On 24 Oct 78, the Air Force Discharge Review Board (AFDRB)
denied the applicants request to upgrade his Undesirable
discharge to an Honorable discharge indicating the discharge was
consistent with the procedural and substantive requirements of
the discharge regulations and was within the sound discretion of
the discharge authority. The Board concluded that there was no
evidence presented to substantiate that the effects of
prescribed drugs played a primary role in the applicants
discharge, or that his testimony was sufficiently credible
enough to substantiate upgrading the discharge.
On 15 Jul 13, a request for post-service information was
forwarded to applicant for comment within 30 days. As of this
date, no response has been received by this office (Exhibit C).
________________________________________________________________
THE BOARD CONCLUDES THAT:
1. The applicant has exhausted all remedies provided by
existing law or regulations.
2. The application was not timely filed; however, it is in the
interest of justice to excuse the failure to timely file.

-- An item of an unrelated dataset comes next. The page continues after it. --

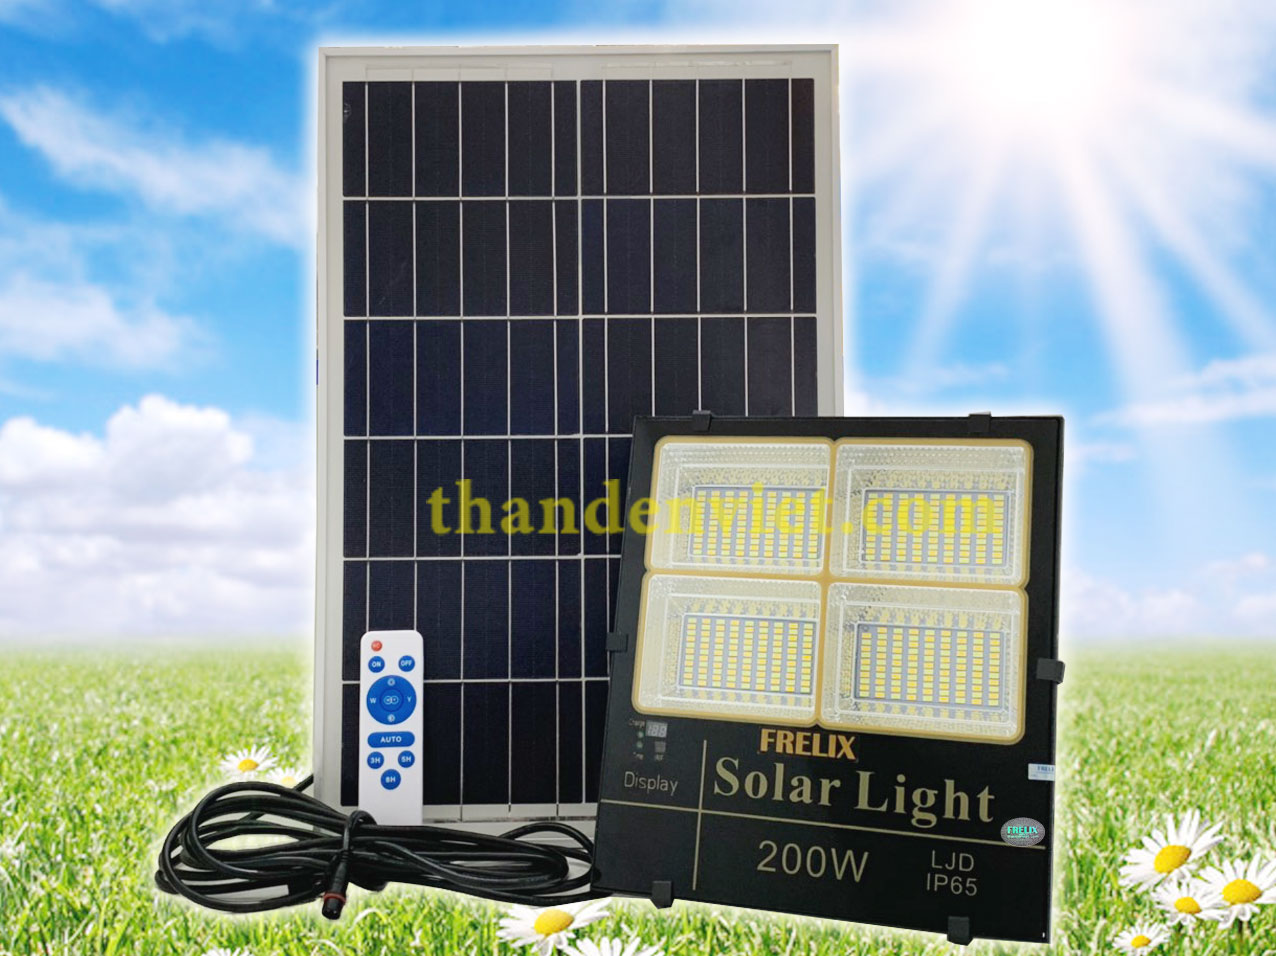 Đèn năng lượng mặt trời Frelix Solar Light LJD 200W 3 màu

3. Insufficient relevant evidence has been presented to
demonstrate the existence of error or injustice. We took notice
of the applicants complete submission in judging the merits of
the case; however, we find no evidence of an error or injustice
that occurred in the discharge process. Based on the available
evidence of record, it appears the applicants Undesirable
discharge was consistent with the substantive requirements of
the discharge regulation and within the commanders
discretionary authority. He has provided no evidence which
would lead us to believe the characterization of his service was
improper or contrary to the provisions of the governing
directive. We note the applicant has provided a copy of a
certificate that indicates that he was granted a Presidential
pardon for his absence offenses; however, we also note that this
pardon was granted to the applicant by virtue of a comprehensive
program for the return of Vietnam era draft evaders and military
deserters that also included a Presidential Clemency Board.
While the applicant was granted clemency for his absence
offenses under this program, his remaining drug related
offenses, in and of themselves, could still have formed the
basis for his Undesirable discharge. Furthermore, the tenets of
this program specifically preclude this form of clemency from
being used as a basis to obtain benefits from the Department of
Veterans Affairs (DVA). Therefore, in view of these facts, we
are not inclined to upgrade the applicants discharge on the
basis of his receipt of a Presidential pardon, which is limited
only to his absence offences, when doing so would bestow
benefits to the applicant that are specifically precluded under
the clemency program. In the interest of justice, we considered
upgrading the discharge on the basis of clemency; however, we do
not find the evidence presented is sufficient to compel us to
recommend granting the relief sought on that basis. In view of
the foregoing, and in the absence of evidence to the contrary,
we conclude that no basis exists to upgrade the applicants
Undesirable discharge.
________________________________________________________________
THE BOARD DETERMINES THAT:
The applicant be notified the evidence presented did not
demonstrate the existence of material error or injustice; the
application was denied without a personal appearance; and the
application will only be reconsidered upon the submission of
newly discovered relevant evidence not considered with this
application.
________________________________________________________________
The following members of the Board considered AFBCMR Docket
Number BC-2012-04136 in Executive Session on 8 Aug 13, under the
provisions of AFI 36-2603:
, Panel Chair
, Member
, Member
The following documentary evidence was considered:
Exhibit A. DD Form 149, dated 4 Oct 12, w/atchs.
Exhibit B. Applicant's Master Personnel Records.
Exhibit C. Letter, AFBCMR, dated 15 Jul 13, w/atch.